To properly identify a proteoform and accurately define its molecular arrangement, Smith believes it is best to use a combination of methods, rather than relying solely on the intermediate digestion step, used by bottom-up identification.

“We currently use many techniques together, which include RNA sequencing to find genetic variation and splice forms, so we know what the organism is capable of making; intact mass measurement and top-down fragmentation to identify unknown proteoforms,” Smith said, adding that his group is creating a catalog of the molecules. “There is a lot of informatics involved, so my students also write computer programs to perform the data analysis.”

The equipment used to identify proteins can assess several at a time in what can be a lengthy process and not involve all proteins in a sample. Smith’s group is working through the intact mass process to change that.

“The instrument picks the most abundant proteins and fragments them, but it doesn’t have time to fragment all proteins in a sample,” Schaffer said. “We developed software that takes intact mass observations and makes identifications based on that mass, which means that we don’t have to fragment the protein in this process.”

Schaffer pointed out that quantification is also key to the information gathered in this process.

“Diseased cells can have higher or lower numbers of specific proteoforms than healthy cells, and it’s important that we have an idea of what those counts should be,” she said.

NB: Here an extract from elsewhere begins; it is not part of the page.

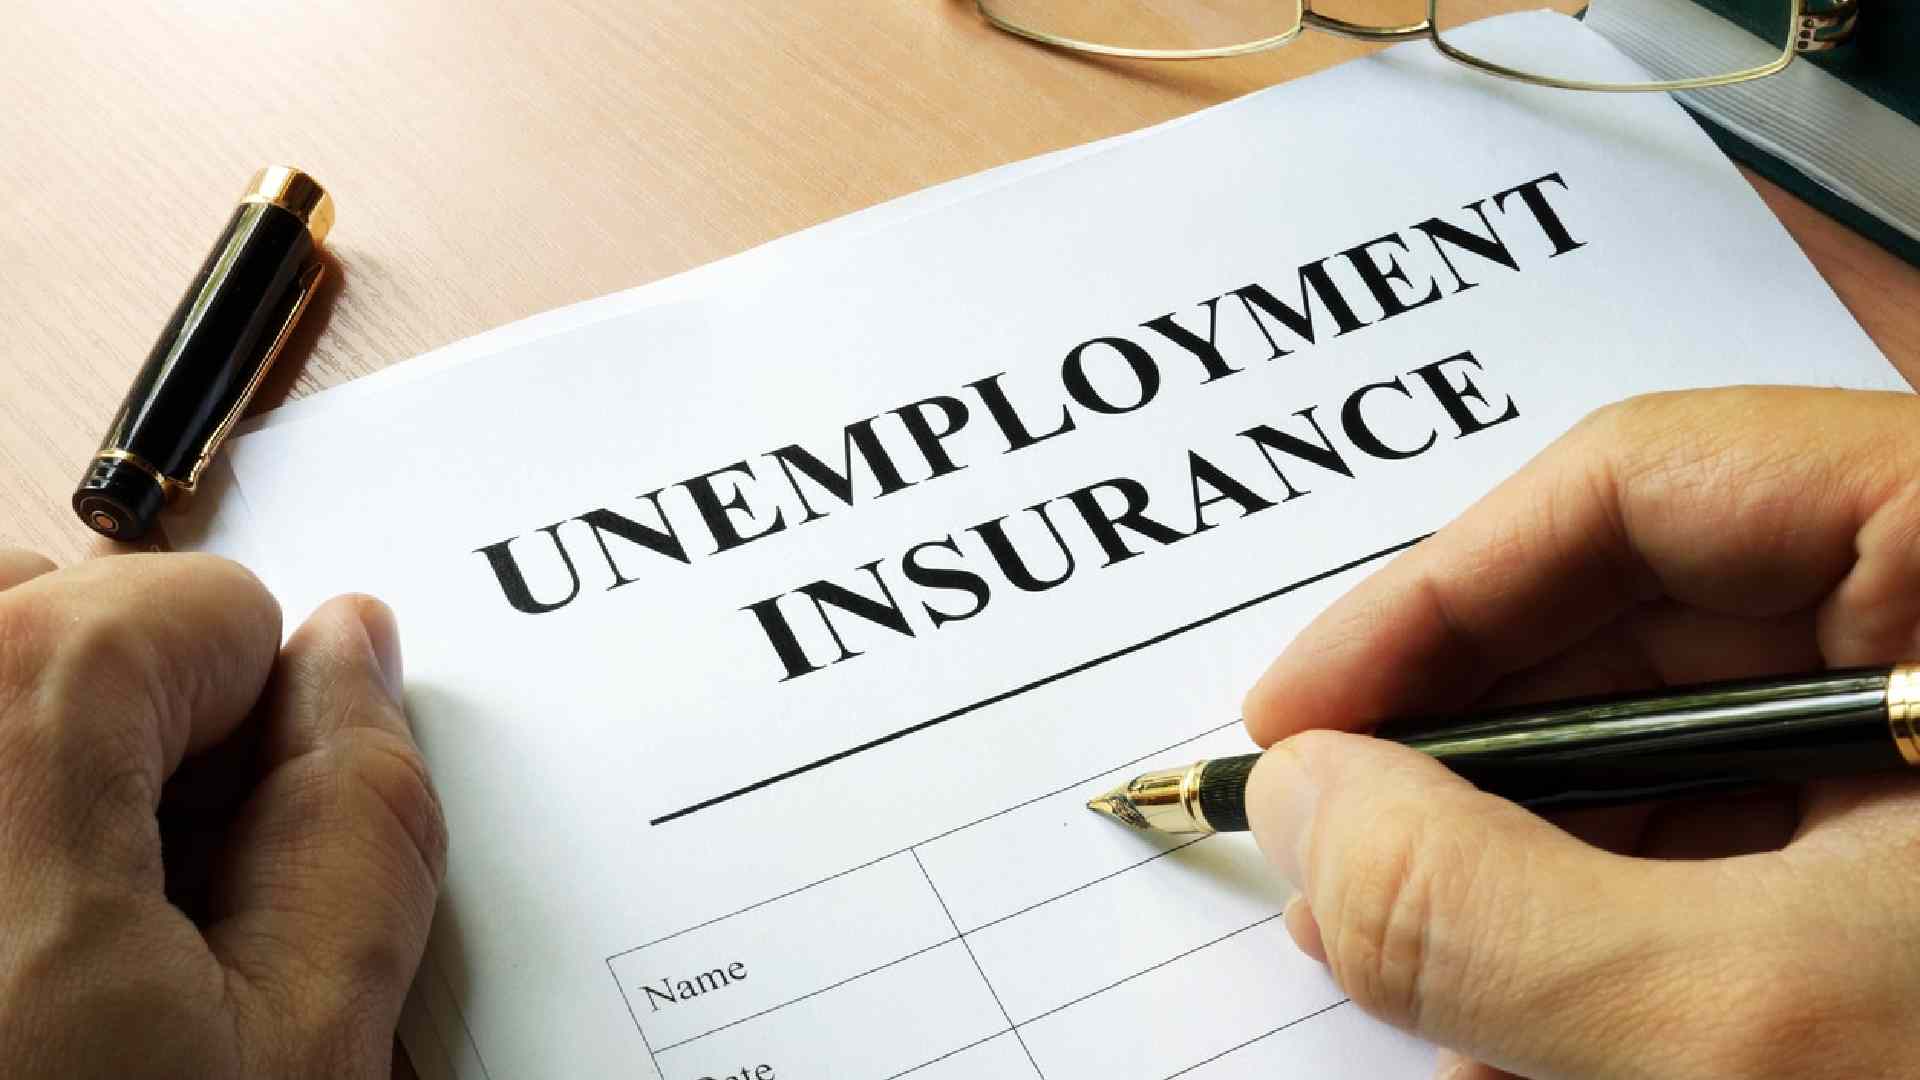 unemployment insurance in the UAE

Currently, thousands of labs use bottom-up assessments of proteins and proteoforms, but only a couple hundred work with top-down analysis. Smith and his collaborators want to change that by helping others understand the benefits of top-down analysis and how elucidating the many proteoforms can lead to greater scientific knowledge and discoveries.


This research is funded by the National Institute of Health (NIH) through the National Institute of General Medical Sciences (R01GM114292, “Intact Proteoform Identification and Quantification”). Cesnik is supported by the NIH (U24CA199347) and by the Computation and Informatics Training Program (T15LM007359). Schaffer is supported by the Biotechnology Training Program (T32GM008349).